IPV4 Addressing | Classful and Classless Addressing

In this tutorial, we will learn about the IPV4 Addressing - Classful and Classless Addressing in Computer Network. By Radib Kar Last updated : May 04, 2023

1) Classful Addressing

IPv4 addressing used the concept of classes. This architecture is known as classful addressing.

In the classful addressing, there are 5 classes in which the address space is divided: A, B, C, D, and E.

Each class occupies some fraction of the address space.

We can find the class of an address when given the address in binary notation or dotted-decimal notation by checking the first few bits or first byte.

Classes and Blocks

There is a problem with the classful addressing that is "each class is divided into a fixed number of blocks with each block having a fixed size".

Class name Number of blocks Block size Application
A 128 16,777,216 Unicast
B 16,384 65,536 Unicast
C 2,097,152 256 Unicast
D 1 268,435,456 Multicast
E 1 268,435.456 Multicast

The "class A addresses" are designed for large organizations to manage a large number of attached hosts or routers.

The "class B addresses" are designed for midsize organizations to manage tens of thousands of attached hosts or routers.

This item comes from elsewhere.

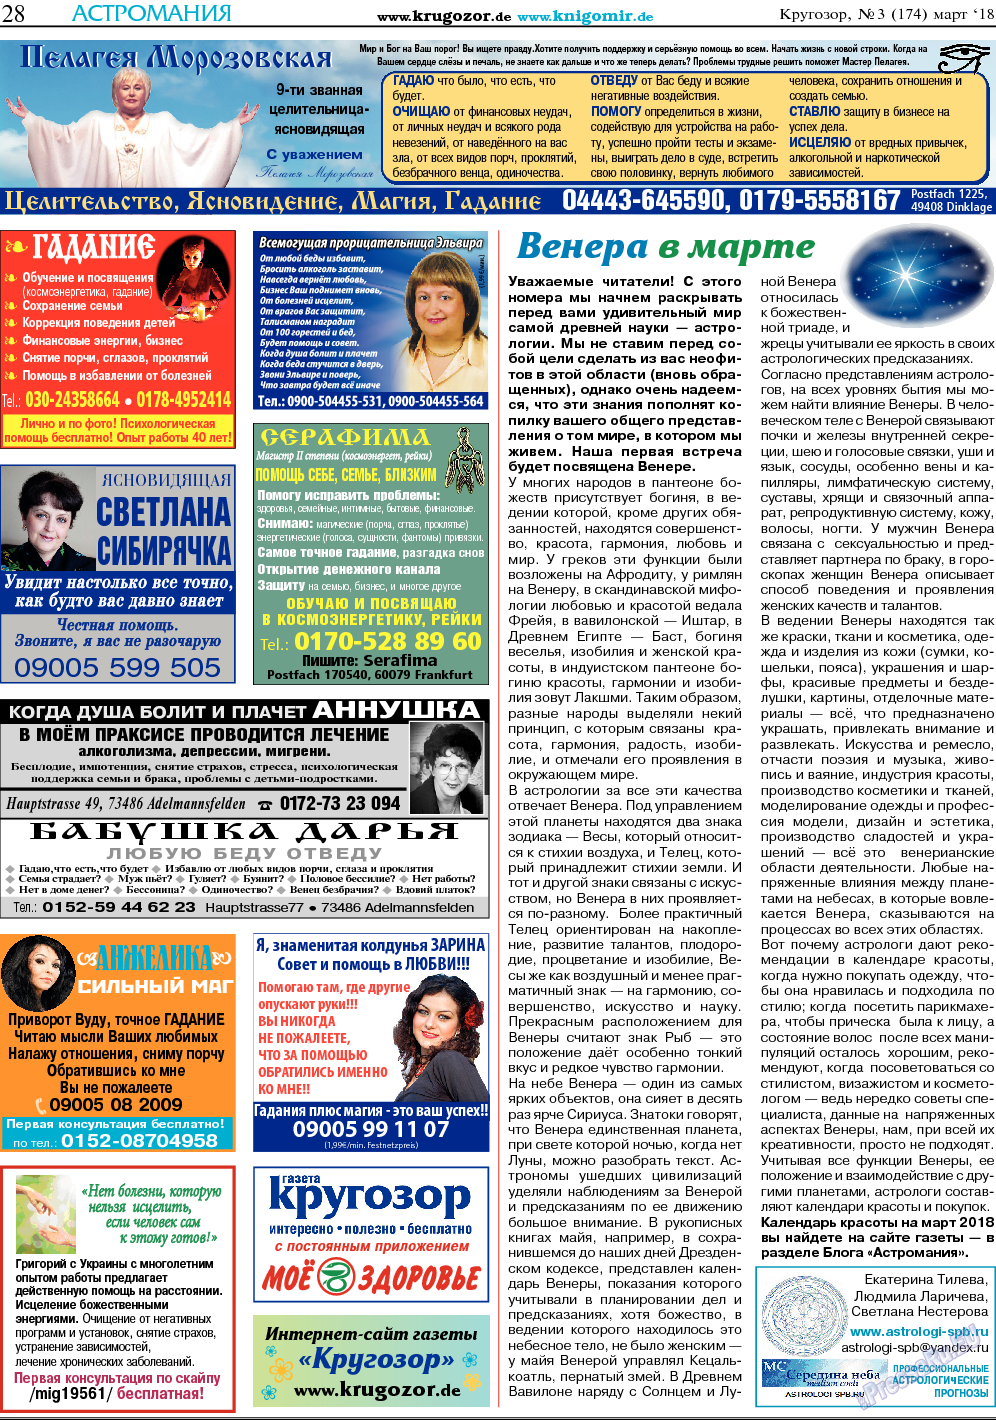 Кругозор, газета. 2018 №3 стр.28

The "class C addresses" are designed for small organizations to manage a small number of attached hosts or routers.

2) Classless Addressing

Classful addressing leads to address depletion. That's the big issue for this schema and that's why it's not used nowadays.

To overcome the problem of address depletion and to give more organizations access to the Internet, the classless addressing was designed and implemented. In this scheme of classless addressing, there are no classes, but the addresses are still granted in blocks.

Address Blocks

In classless addressing, when an entity(organization or a single household (small organization) or whatever which uses the internet) needs to be connected to the Internet, it is granted a block (range) of addresses. The size of the block (the number of addresses) varies based on the nature, size, and need of the entity.

For example, a household (small organization) may be given only two addresses; a large organization may be given thousands of addresses. On the other hand. An ISP, as the Internet service provider, may be given hundreds of thousands based on the number of customers it may serve.

Three restrictions on classless address blocks:

  1. The addresses in a block must be contiguous that means one after another.
  2. The number of classless addresses in a block must be a power of 2.
  3. The first address must be evenly divisible by the number of addresses.